### Problem to solve
Although the data below contains pictures, output only the lines between those holding "Ha-Seong Kim, The" and "Color Print 659981334-TEAM", inclusive, exactly and without those pictures.

### Task inputs
---*---

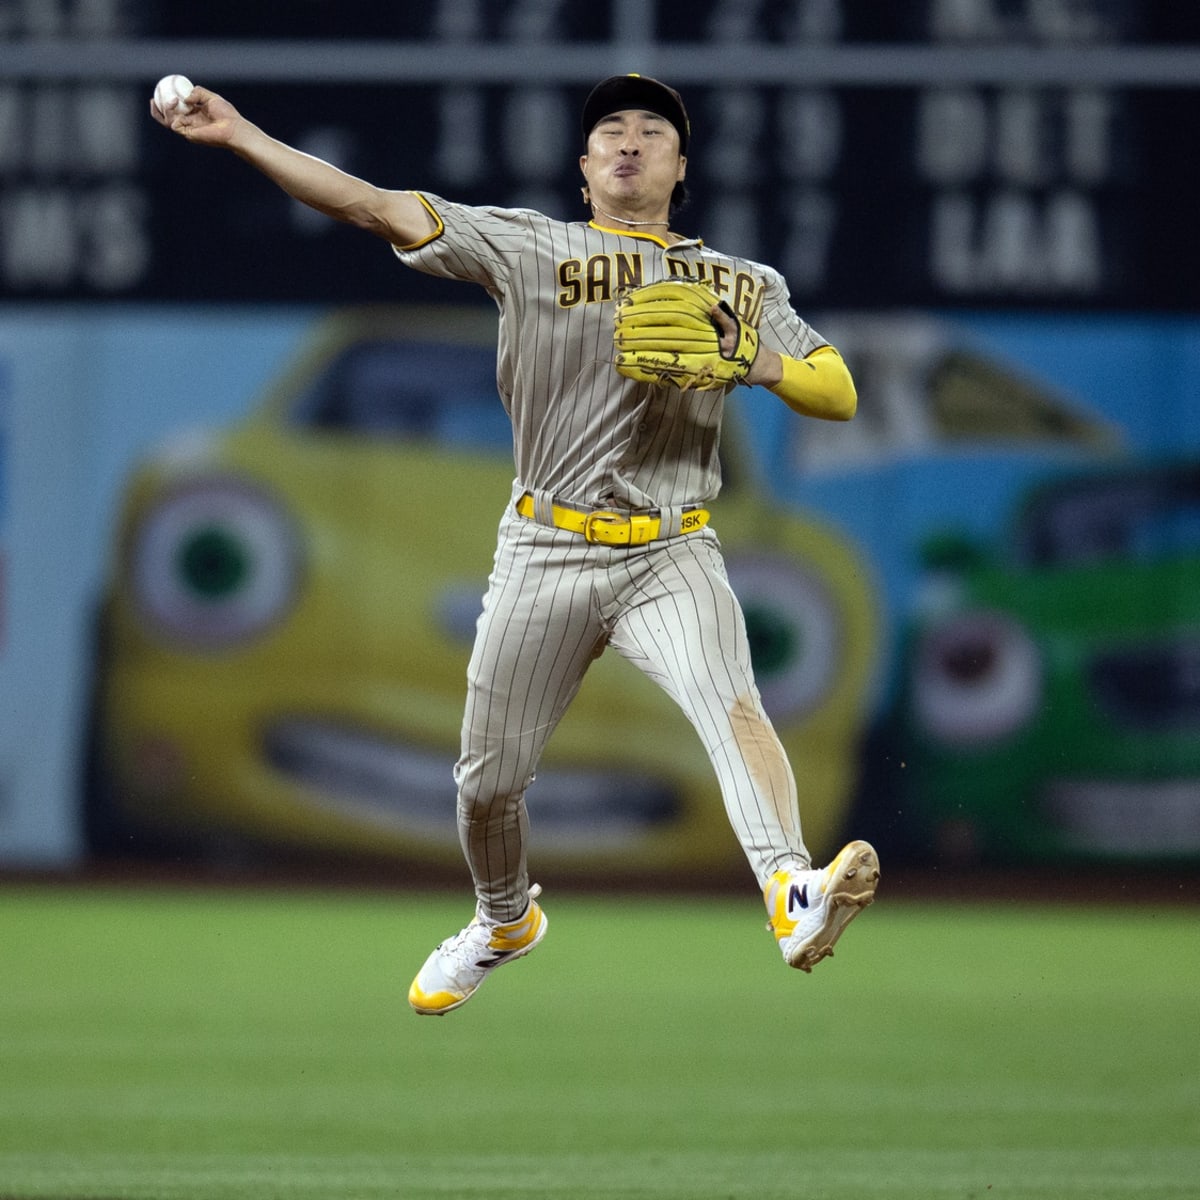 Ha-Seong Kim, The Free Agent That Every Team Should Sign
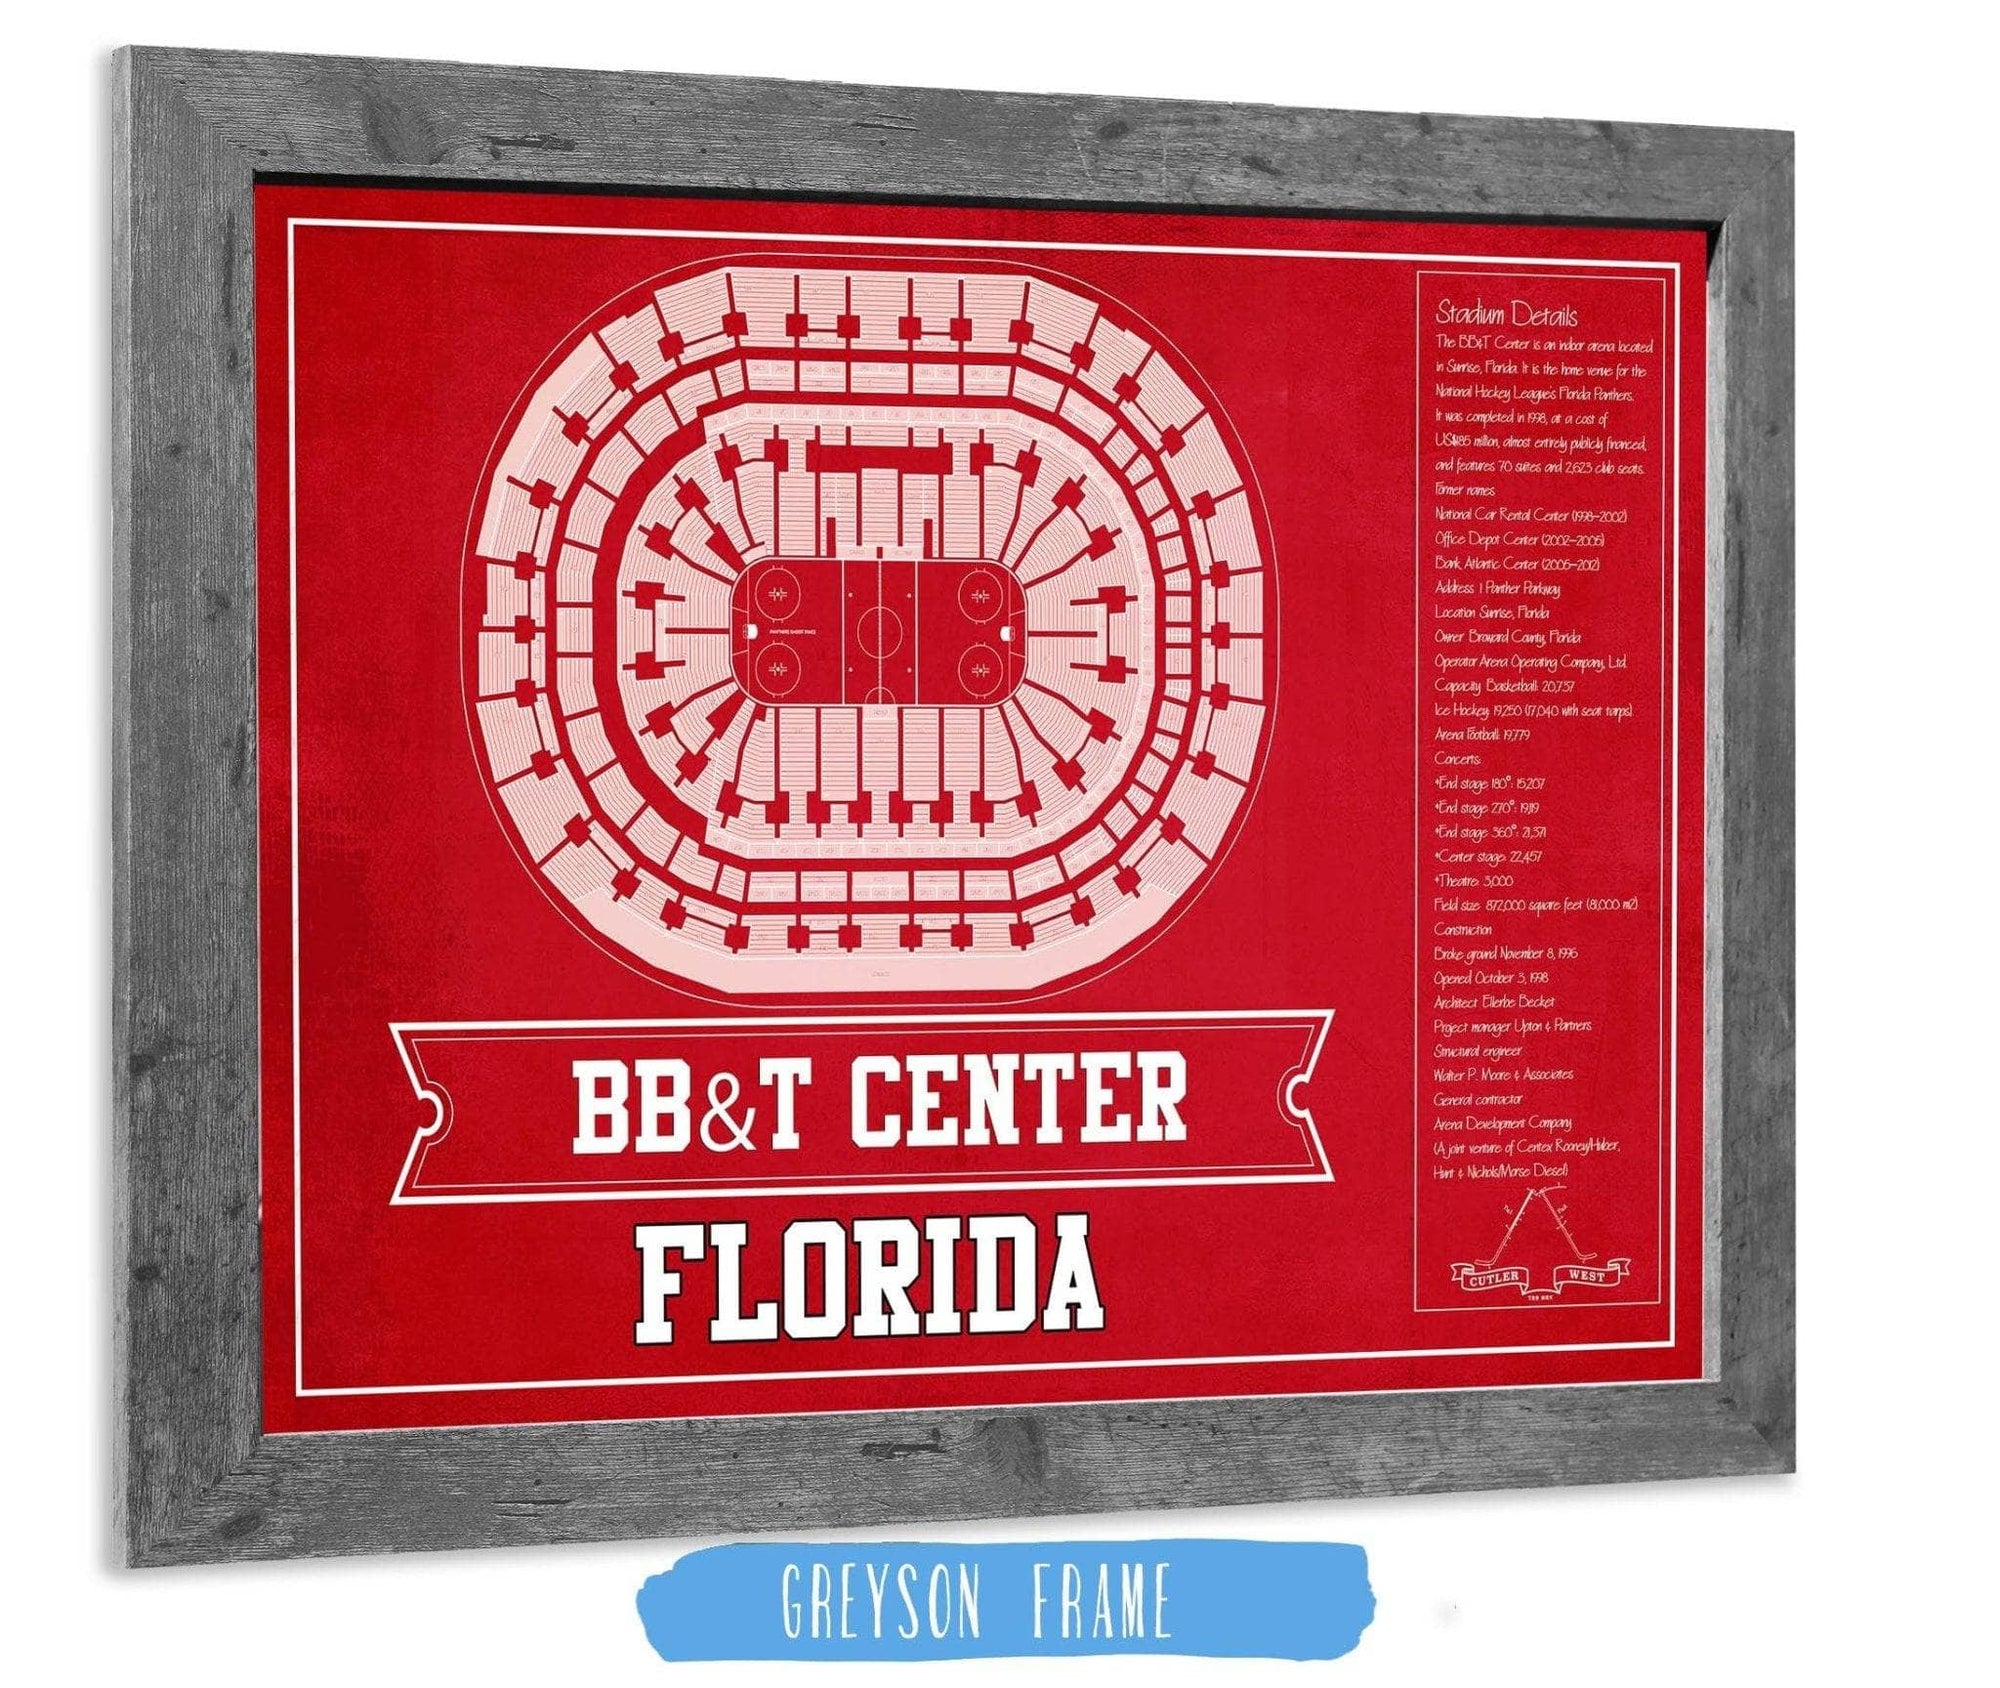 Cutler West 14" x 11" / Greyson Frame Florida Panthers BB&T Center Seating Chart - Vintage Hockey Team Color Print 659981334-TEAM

---*---

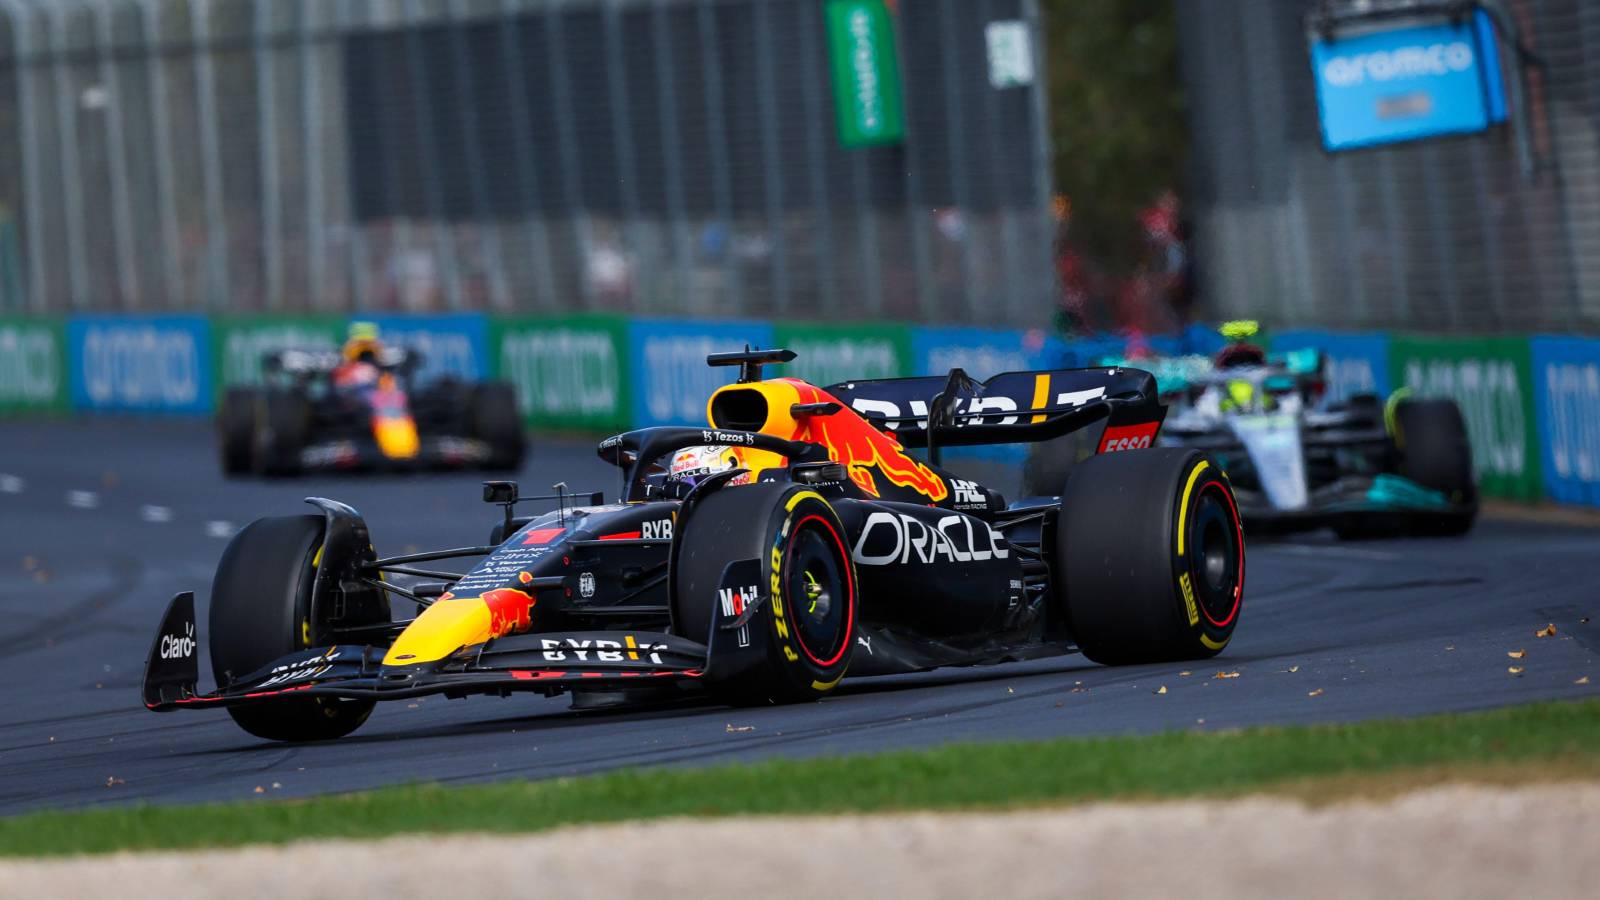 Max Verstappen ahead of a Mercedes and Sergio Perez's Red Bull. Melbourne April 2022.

---*---

### Answer space
 Ha-Seong Kim, The Free Agent That Every Team Should Sign
 Cutler West 14" x 11" / Greyson Frame Florida Panthers BB&T Center Seating Chart - Vintage Hockey Team Color Print 659981334-TEAM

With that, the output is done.